2) Or someone who has known the Lord and "backslidden" –by willfully rebelling against the Lord and sinning blatantly—in a curious way this person may still believe the core claims of the gospel are true—they just “can’t live it”—these I will seek forever.
I am speaking above of a person who one knew Christ but has rejected the core claims of the Creeds—they now consider the blood of Christ “simply crap” and the resurrection a made up lie—I’m speaking of an apostate who once knew Christ but now disbelieves. This kind of person I would happily befriend for several years hoping they would make a comeback—but eventually I cannot be their “friend.”
I appreciate your clarification. I was simply operating on the original quote. The first example is one who has never known. The second is one who has accepted. The third is - "But if you are a friend who knew my wife and were her friend once but then later rejected her, I cannot be your friend." How it states here is quite different from your clarification, so I accept the clarification. I honestly don't know of too many people who are seriosly apostate as you define. I believe that there may be some who appear to be this way, but whether they actually truly believe that in their heart is another story. Look at someone who claims to be an atheist. How many really, really are? Is it a waste of our time to befriend them? Can we show a Christ-like example to this sort and perhaps win them, not by words, but by example? Look at all of the comments that were posted. Do you think that they understand the quote as you do? I mean no disrespect here, but we need honesty in thinking and honesty in ourselves today, as well as open discussion.
I think the other commentors (me being one) understand what Keith is saying, because we didn't just happen across the site. This is part of a larger conversation. Your query and his clarification will certainly help other casual drop-ins.

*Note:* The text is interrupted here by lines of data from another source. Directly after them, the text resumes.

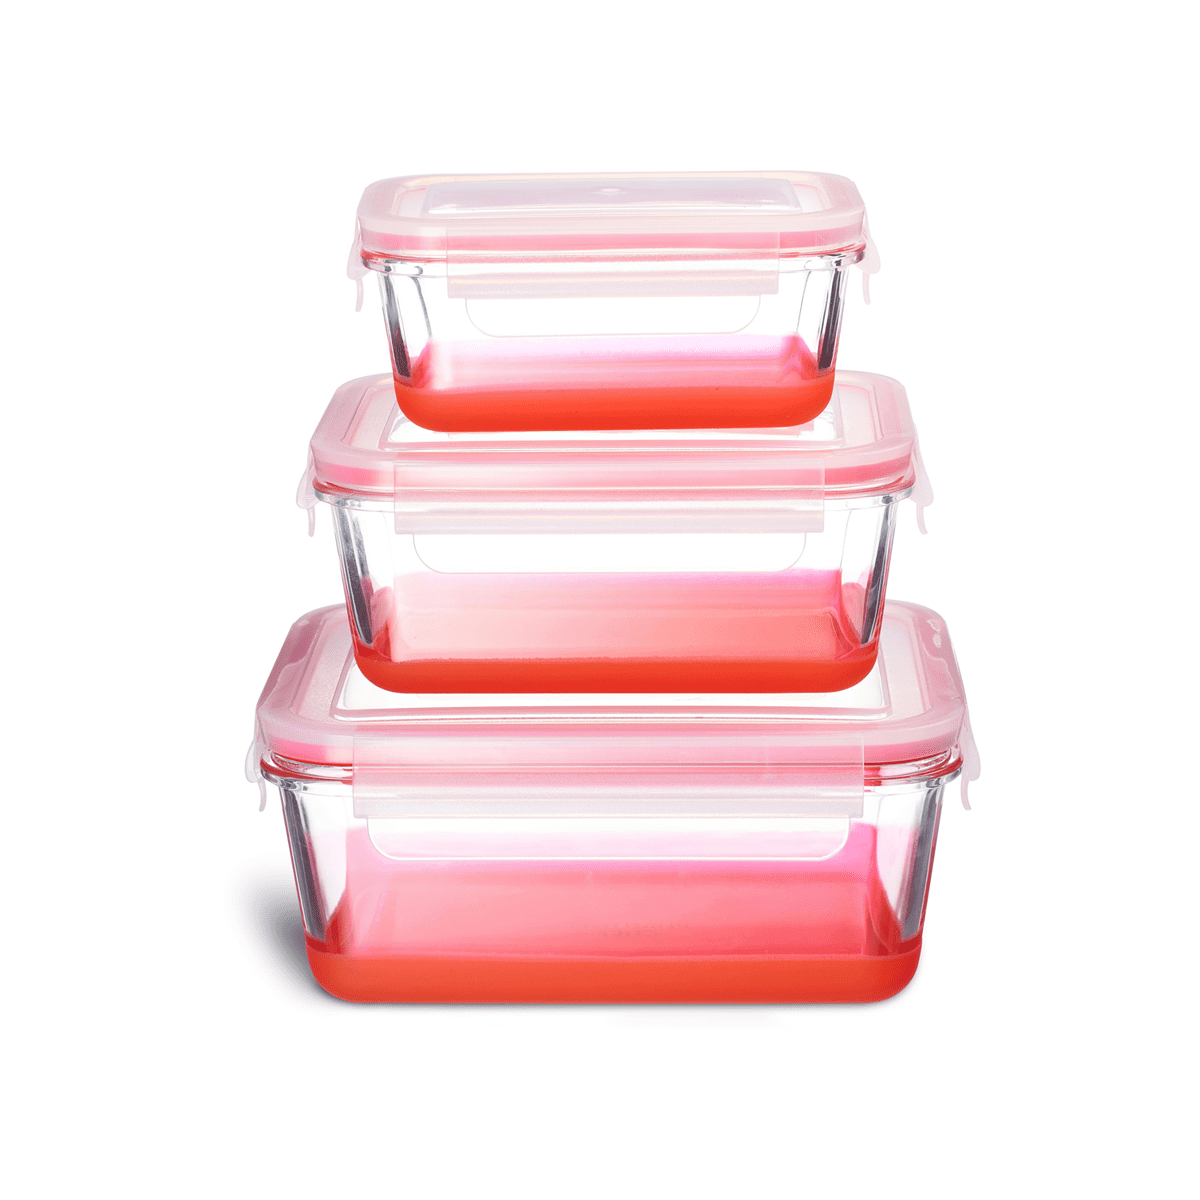 Set of 3 food storage containers, made from glass, pink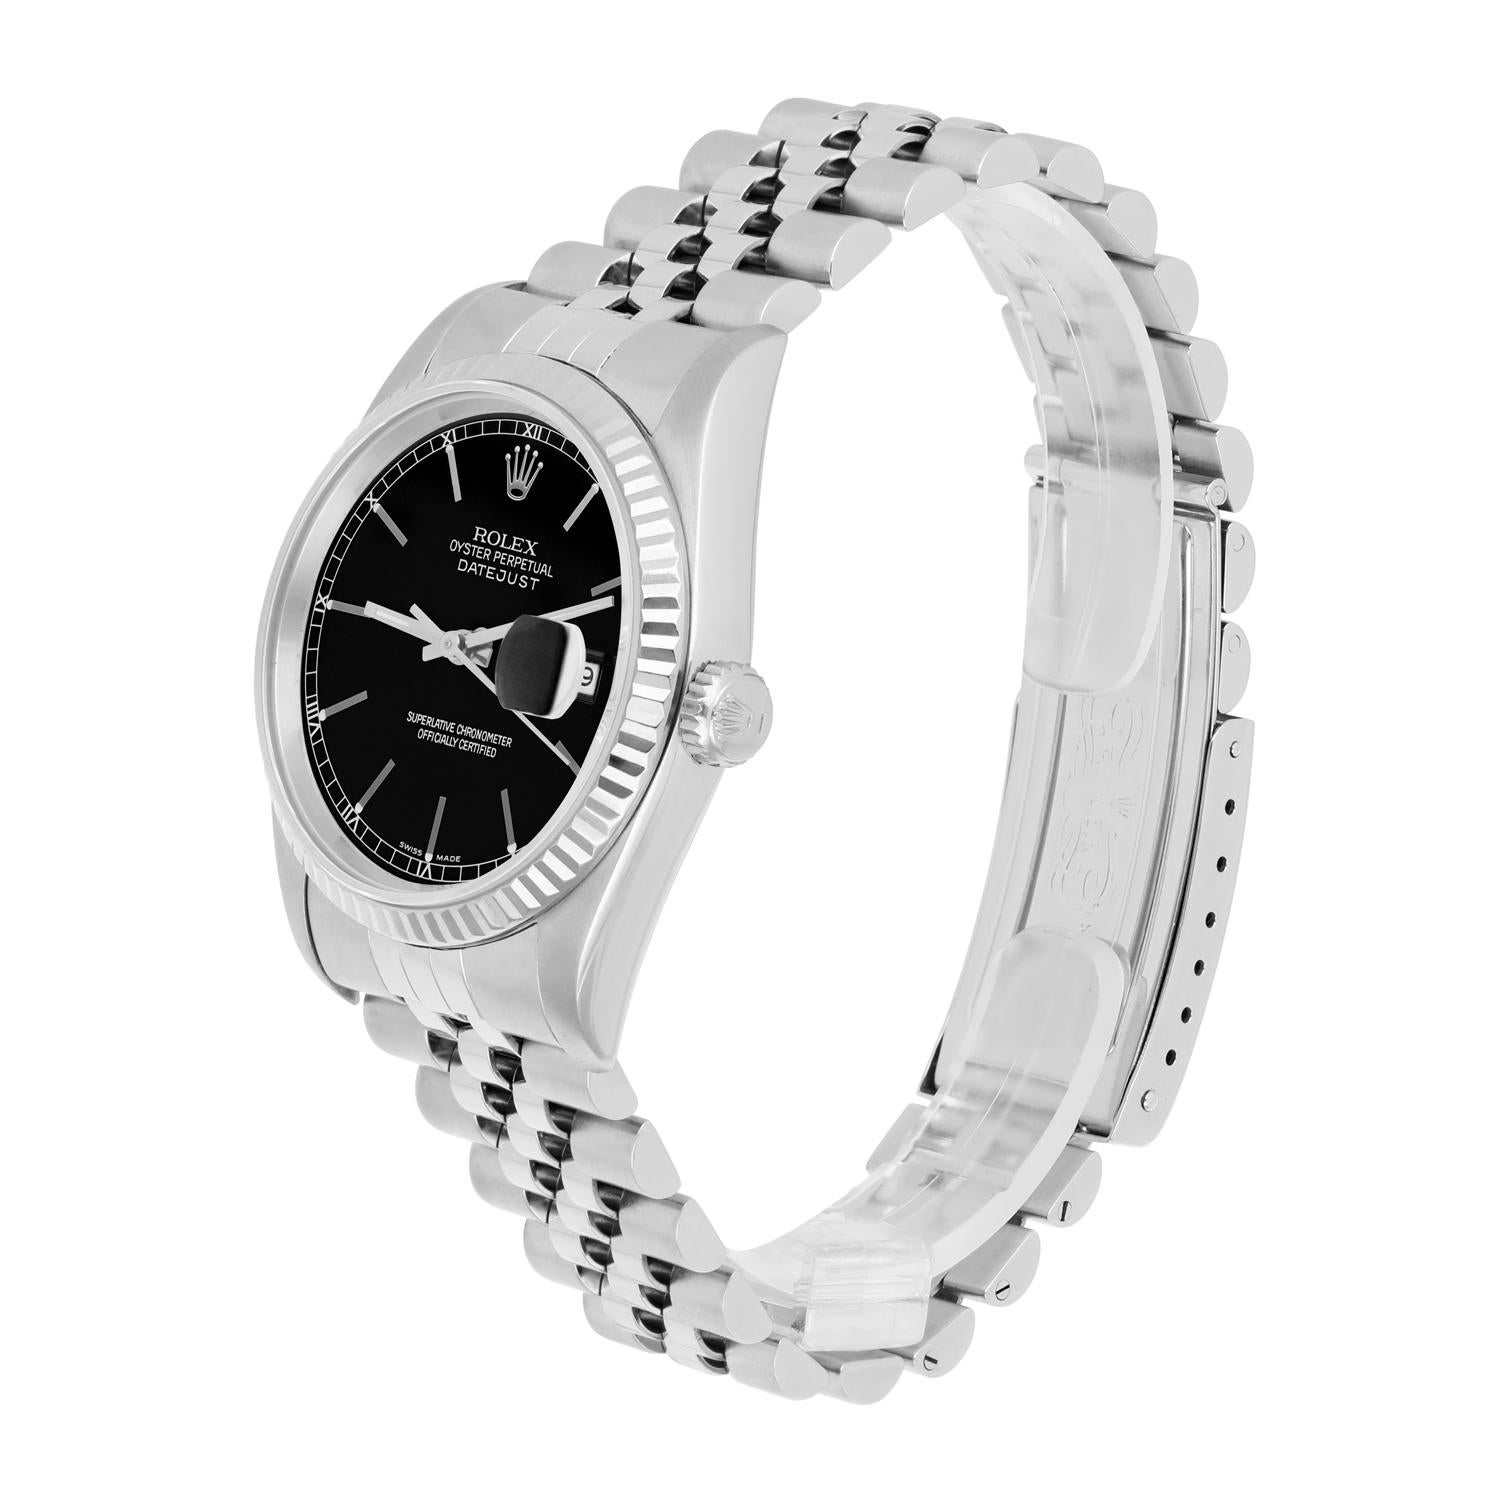 Women's or Men's Rolex Datejust 36mm Stainless Steel 16234 Black Index Dial, Jubilee Circa 2000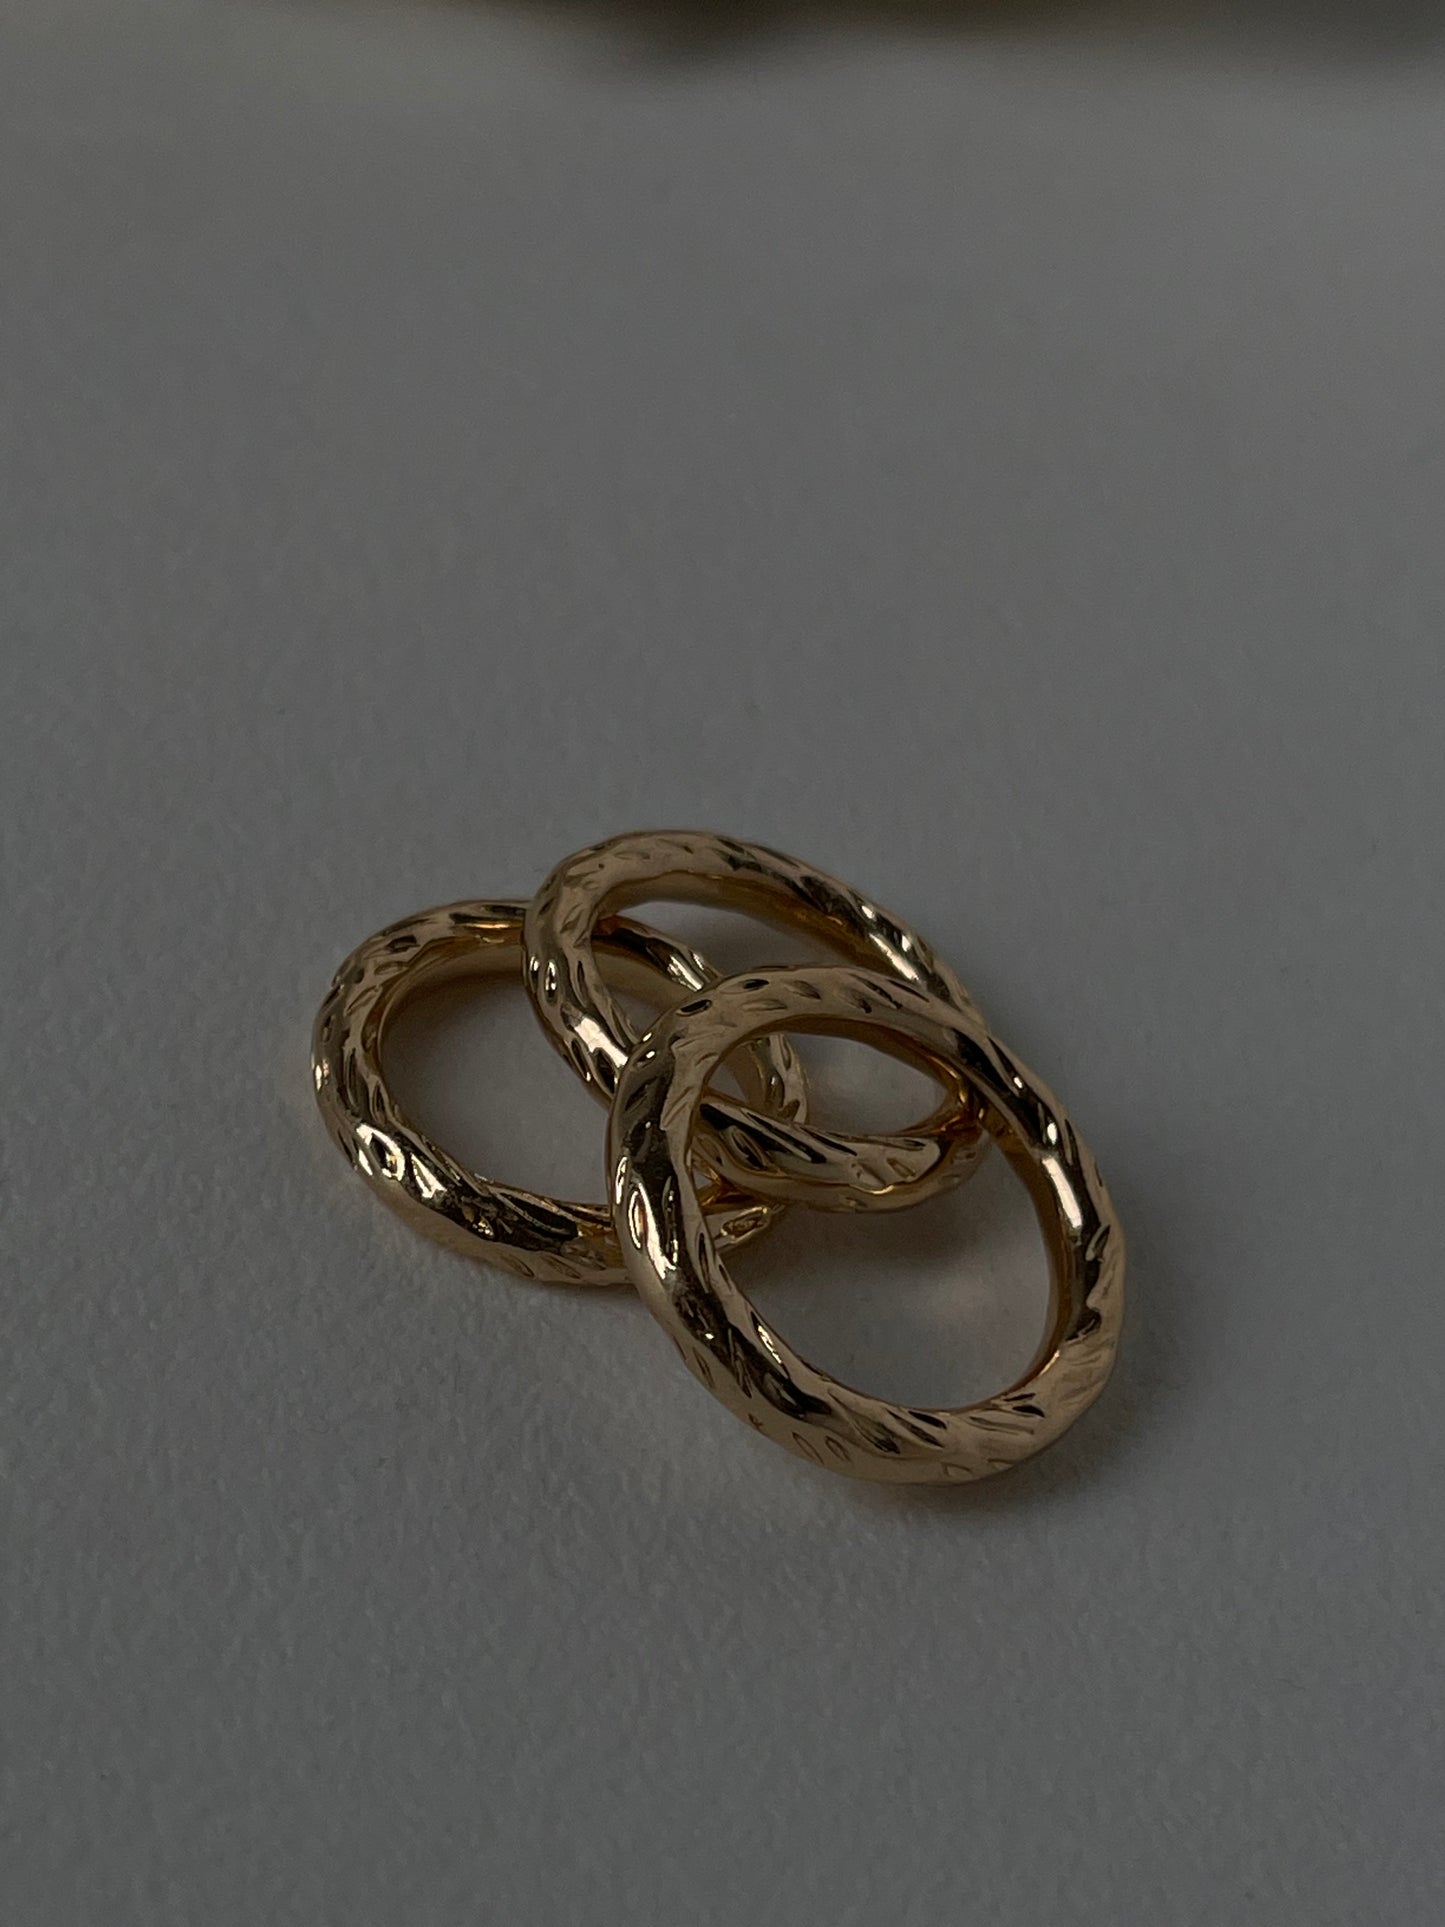 Charlie ￼Organic Etched Ring Set In Gold￼

Let me share with you my thinking in regards to Christian witness. As Christians, we are commissioned to win souls for Christ. I don't think anyone who truly professes would disagree with that. But how do the vast majority try to implement this? They invite sinners to church. They do not attempt true friendship. They merely invite them to church. Oh, they shake hands with them, smile, pat them on the back - but where are they the rest of the time? Where are they when that individual needs a true friend - when he's down, when he's drinking his pain away, when he longs for someone to talk to about his problems - where are they then? And sadly, when he attempts to make contact with them - what do they do? They invite him to church. Here's a challenge for you. What would happen if 10 people from your church would find someone who is a sinner and "adopt" them - be a true friend - have him over for meal, genuinely and consistently, bake him a cake by surprise and take it to him, listen to his problems and attempt to give good advice. Offer to mow his grass when he is so depressed he can't keep things up, help him locate work when he is unemployed by using your contacts -do all of this, and never discuss him going to your church. How many of these adoptees might gain an interest in spiritual things by your example? I think that is what God would love to work with through the Holy Spirit. It's His Spirit within us that moves souls, and I sincerely hope that we all feel His power within our hearts, for if we don't, we need to do a serious checkup as to why. I appreciate your forum.
Sure Rick that's exactly how I feel about friendship with unbelievers... (which is not what the article is about). You are right on regarding unbelievers.